About Sunday 12 April 1663

Michael Sheehan  •  Link

Where I'm from (Limerick ,Ireland) the word was in common usage when I was a boy and it meant to give money,usually a coin, to somebody to give them good luck. If you were to give a girl or woman a new purse for example then you had to "hansel" it with a coin inside. Children were also "hanselled" at significant times (on their birth, first communion, etc.) by friends ,family or neighbours by giving them coins.
The word is commonly thought to come from Middle English by way of the Old Norse word "Handsal" referring to a legal transfer, such as a transfer of land.
Interestingly, in Limerick, until fairly recently there was an area called Park which was almost exclusively given over to the production of vegetables on small plots or allotments by a coterie of families that had been associated with the area since quite ancient times.
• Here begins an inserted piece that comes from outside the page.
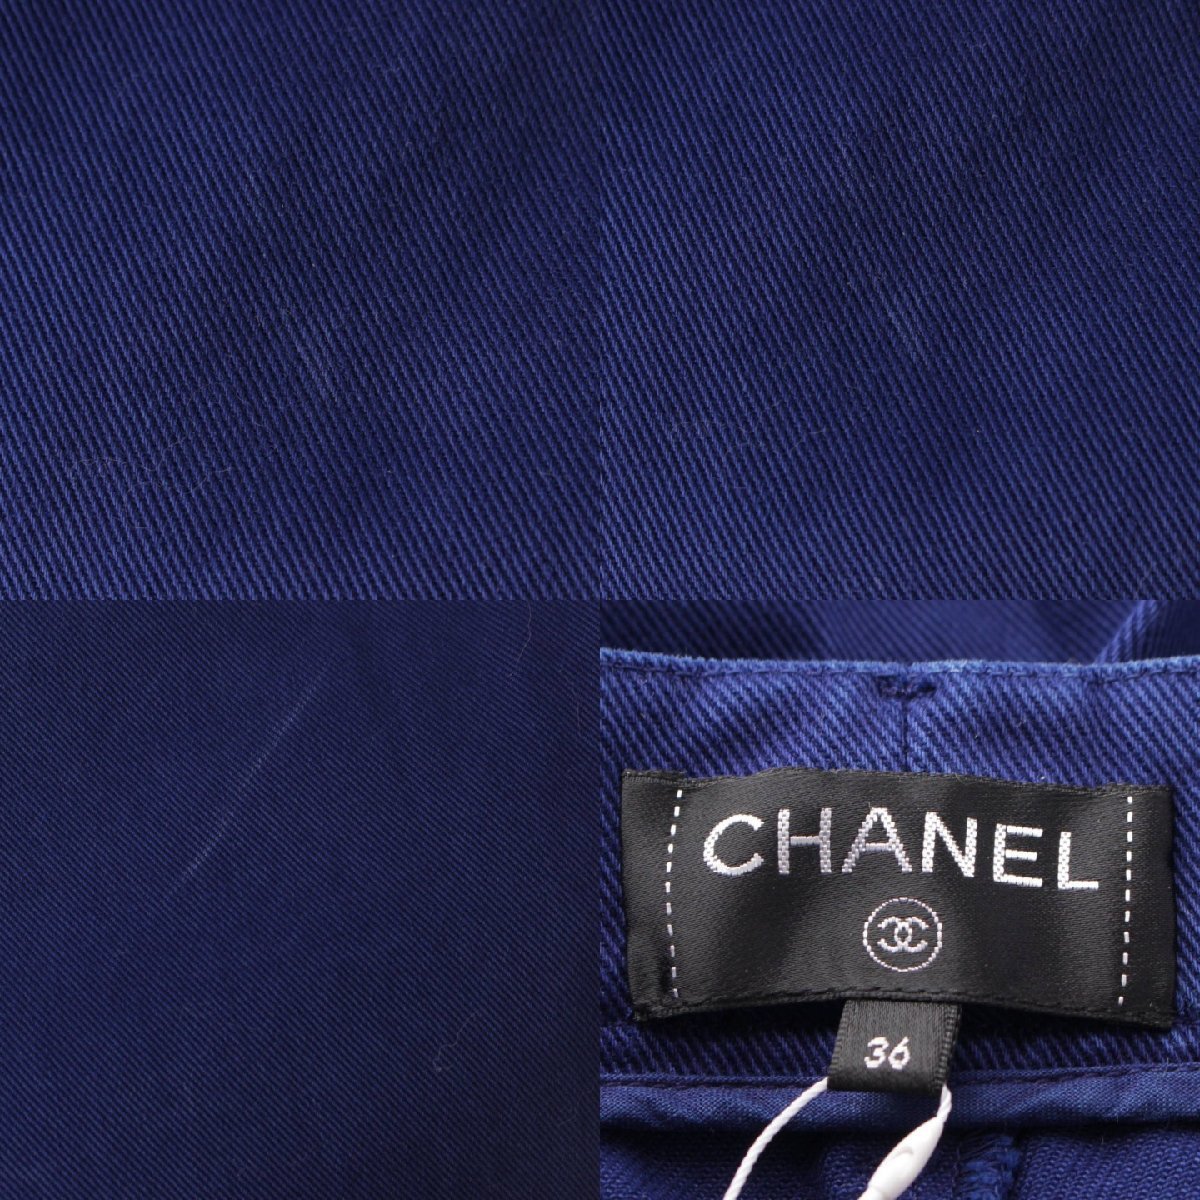 [ Chanel ]Chanel 18 year cotton matelasse ribbon high waist wide Denim pants P58416 blue 36 [ used ][ regular goods guarantee ]200507

Local legend had it that these small market gardening families had descended from the Vikings who had once conquered large parts of Ireland, including Limerick. The men that worked these plots were referred to locally as the "Park Danes". They also had a peculiar way of marking out their plots of land with the use of a single stone known as a bound-stone instead of the much more common and traditional use of stone walls or ditches favoured throughout Ireland. This single stone practice some believe is connected to similar practices of demarcation in Denmark.